**TASK DIRECTIONS**
Write out all the data verbatim. Skip images.

**DATA EXTRACT**
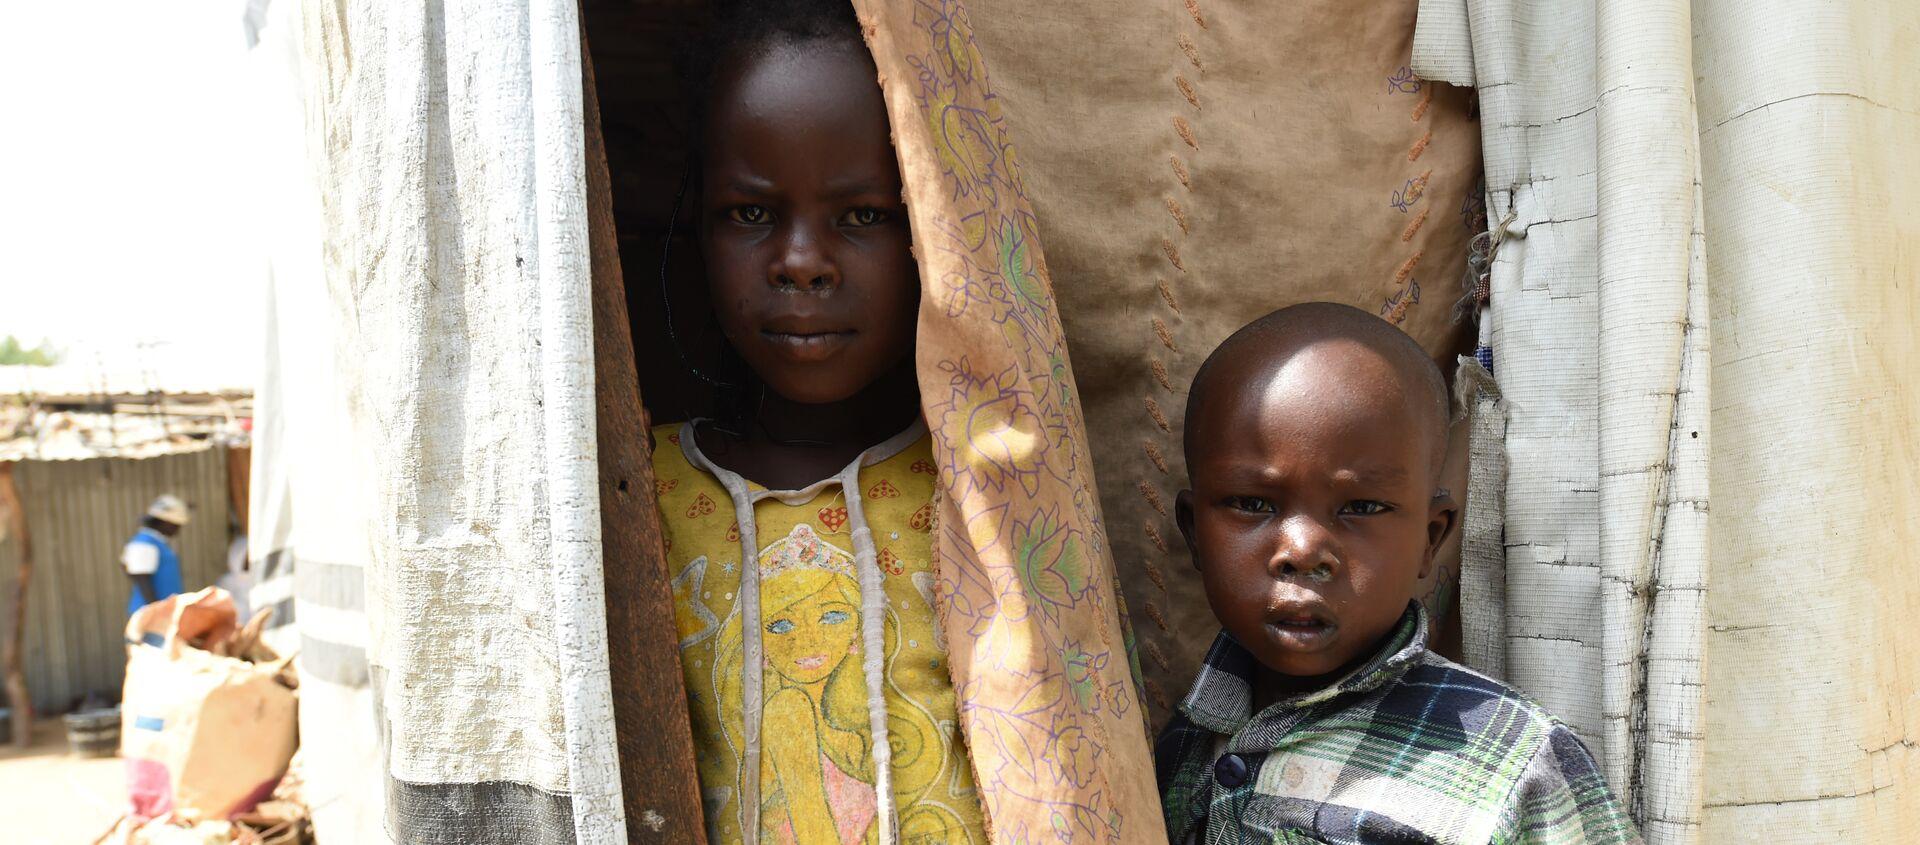 Những đứa trẻ trốn cái nắng như thiêu như đốt trong Trại dành cho những người mất tích ở Maiduguri, đông bắc Nigeria, vào ngày 4 tháng 2 năm 2016. - Sputnik Việt Nam, 1920, 19.08.2020
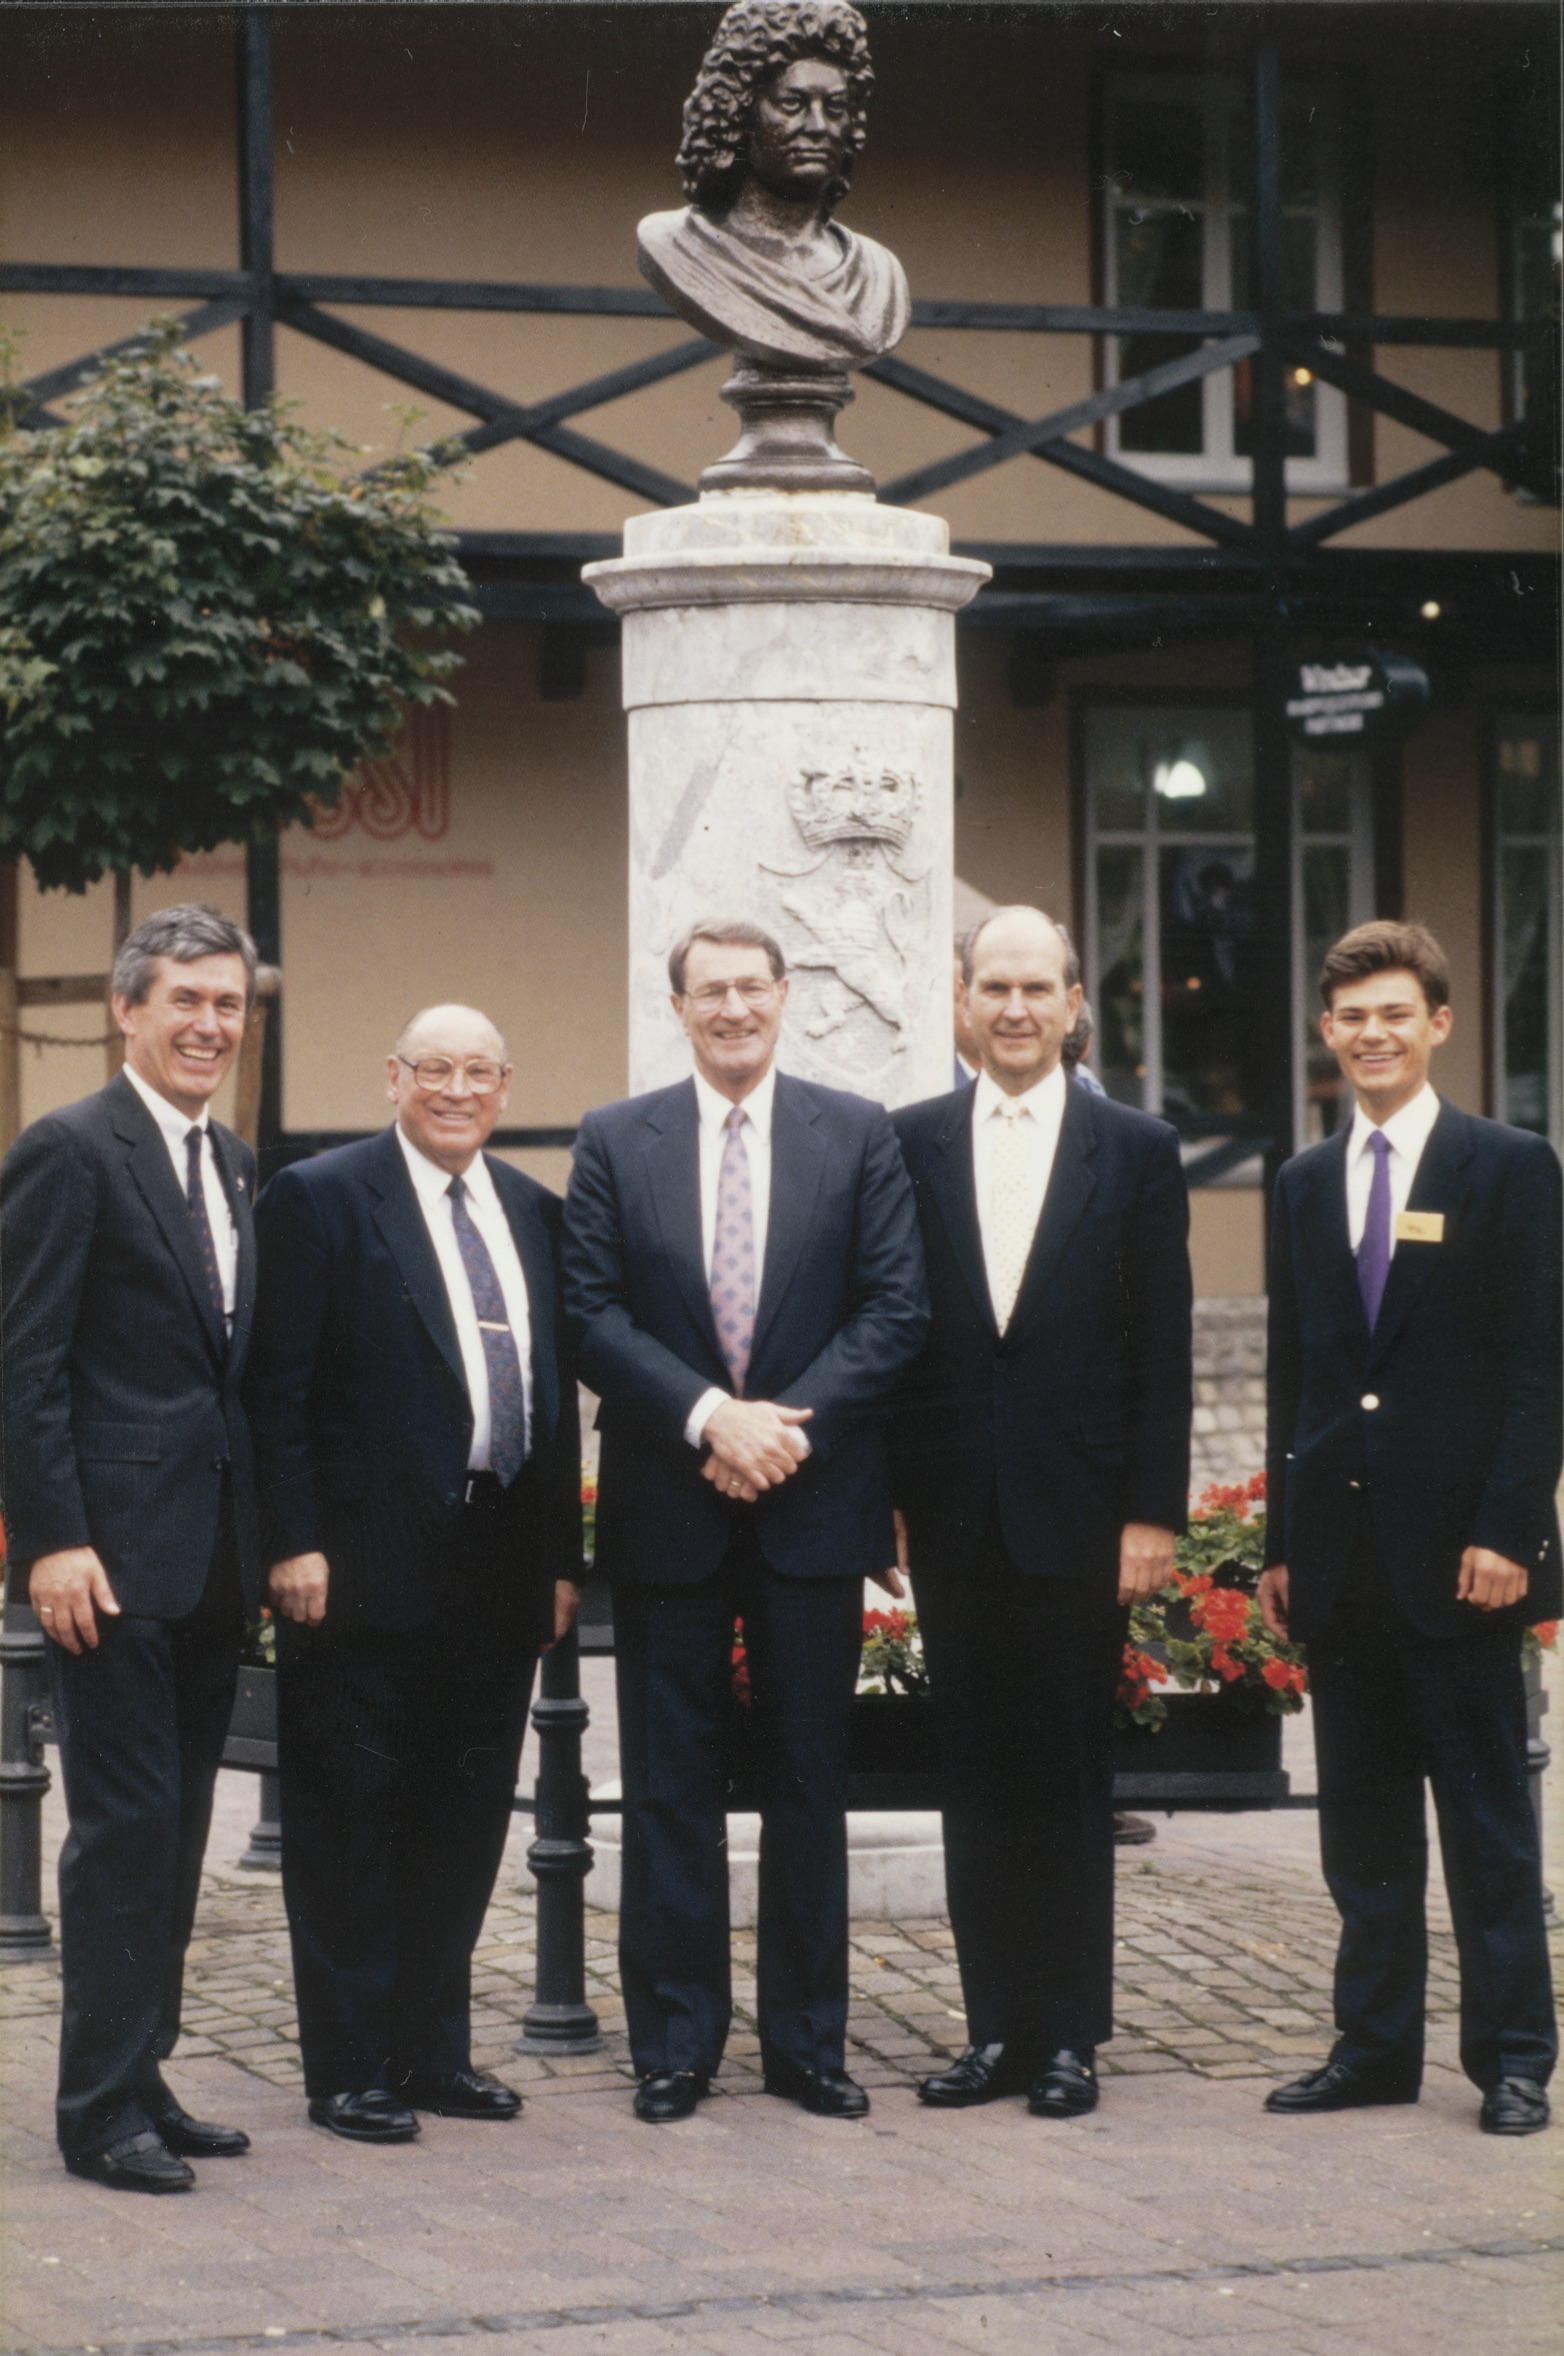 Dieter F. Uchtdorf, que servía como presidente del comité del Templo de Frankfurt, y su hijo Guido, posan con el élder Joseph B. Wirthlin, el élder Neal A. Maxwell y el élder Russell M. Nelson durante la casa abierta del Templo de Frankfurt Alemania en 1987.
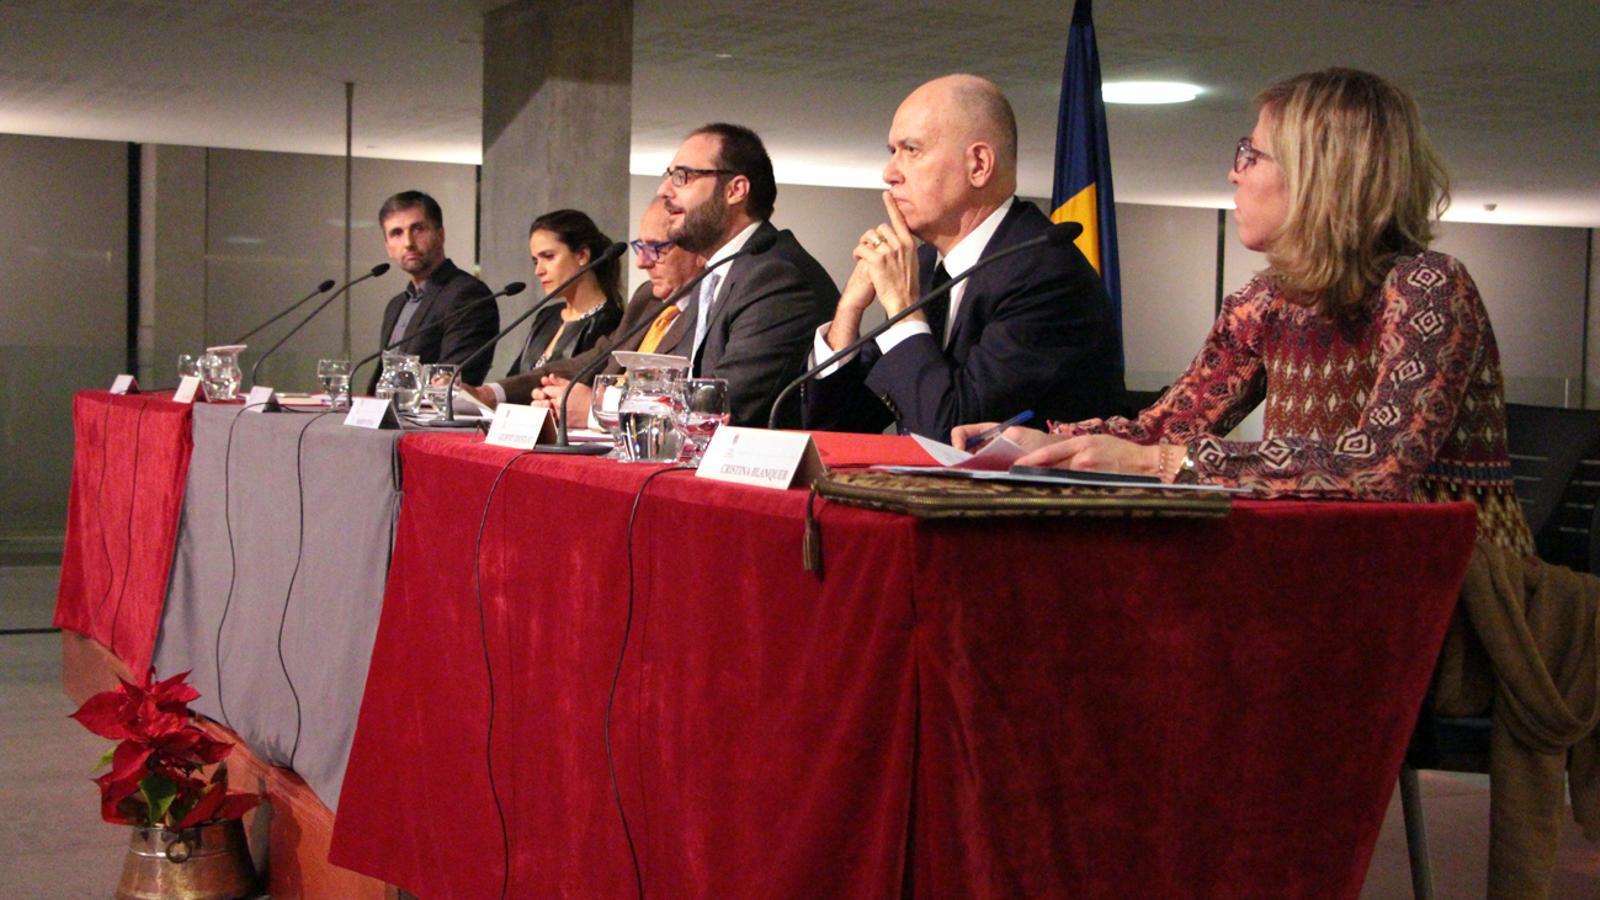 Table ronde sur les avantages de la médiation dans le domaine judiciaire. / MP

**ANSWER TO THIS PROBLEM**
 Những đứa trẻ trốn cái nắng như thiêu như đốt trong Trại dành cho những người mất tích ở Maiduguri, đông bắc Nigeria, vào ngày 4 tháng 2 năm 2016. - Sputnik Việt Nam, 1920, 19.08.2020
 Dieter F. Uchtdorf, que servía como presidente del comité del Templo de Frankfurt, y su hijo Guido, posan con el élder Joseph B. Wirthlin, el élder Neal A. Maxwell y el élder Russell M. Nelson durante la casa abierta del Templo de Frankfurt Alemania en 1987.
 Table ronde sur les avantages de la médiation dans le domaine judiciaire. / MP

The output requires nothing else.